Phyllis Ouellette of Auburn, one of the 65 people who attended Monday's meeting, said keeping the northern Maine woods in private hands and open for all recreational users is the best way to preserve access to it for the most users.

But Steve Wight of Newry, a retired member of Maine's Land Use Regulation Commission and now a Bethel consultant, said he believes an organized national park would draw even more people than those who currently visit the privately owned forest today.

The forum at the Franco American Heritage Center in Lewiston was hosted by Stanton Bird Club, the Androscoggin River Land Trust and Bates College, and featured several experts. But unlike other forums on the topic held in northern Maine, Quimby did not attend.

"We want to get Roxanne here next year," said Susan Hayward, trip leader for the Stanton Bird Club.

Quimby is at the center of a debate that has raged for several years over the future of the North Woods. She has bought and conserved about 120,000 acres of land in the Maine northern forest, and wants to donate 70,000 acres of that to the National Park Service.

Making her proposal more intriguing -- or daunting, depending on whom you ask -- is that she was named last year to the board of the National Park Foundation, the charitable partner of the National Park Service, by its chairman, Interior Secretary Kenneth Salazar.

Quimby says she is protecting the land to restore at-risk native species. But some residents of northern Maine have questioned her motives and contend she has been inconsistent regarding what uses will be allowed on her land.

The four panelists who spoke Monday said the national park proposal issue is complicated, and their comments suggested there is little middle ground.

Bob Meyers, executive director of the Maine Snowmobile Association, said the northern forest is best enjoyed as it always has been – through the willingness of large landowners to permit recreational use that is made easier by state laws that limit their liability if they do keep their land open.

But Lisa Pohlmann, executive director of the Natural Resources Council of Maine, said forestland is changing hands at a rapid pace unheard of 20 years ago, and it isn't clear how much access owners will continue to provide.

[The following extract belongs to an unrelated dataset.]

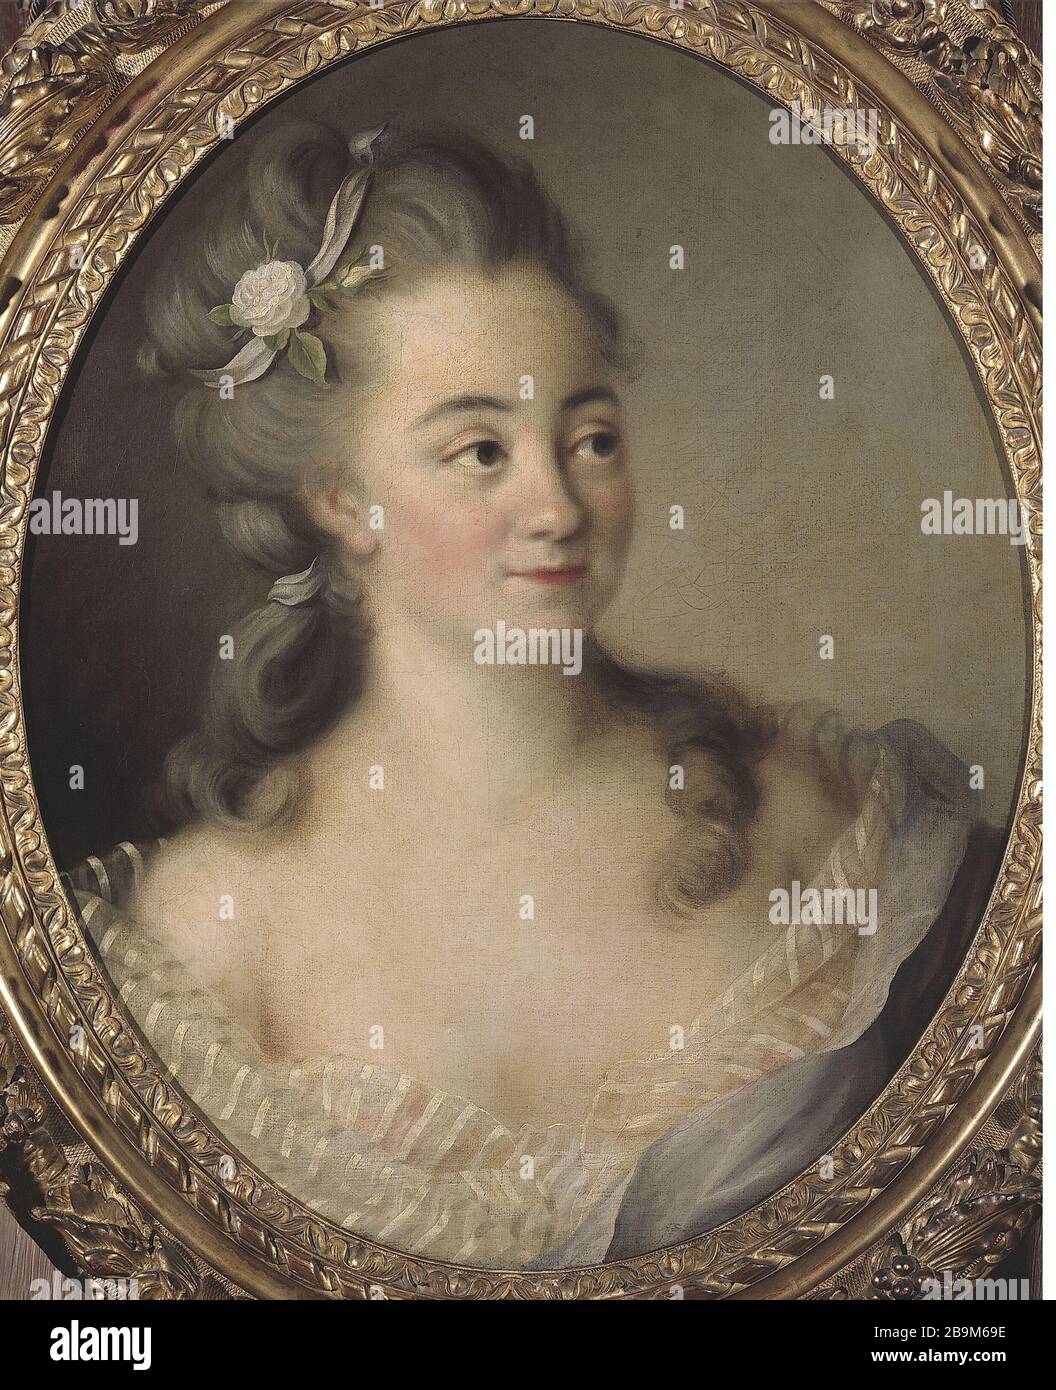 ALLEGED PORTRAIT OF MADAME Dugazon Portrait présumé de Madame Dugazon, actrice de la Comédie italienne. Huile sur toile. Paris, musée Cognacq-Jay. Stock Photo

She said this is a concern for conservationists and recreational users alike.

"Now land is owned by LLCs (limited liability companies) and we don't know who they are," Pohlmann said.

Bryan Wentzell of the Appalachian Mountain Club, which runs three sporting camps at the doorstep of the North Woods, said sustainable forestry, recreation and conservation can be practiced in unison in privately owned working forest.

"In the 1930s there was a proposal to turn Baxter State Park into a national park, and AMC opposed it then because a park is about large lodges and scenic roads," Wentzell said.

For Lewiston Public Library Director Rick Speer, who moderated the panel discussion, the debate is both fascinating and significant to southern Maine.

"Many of us down here love the North Maine Woods and are really concerned about the long-term access we've enjoyed for years," he said.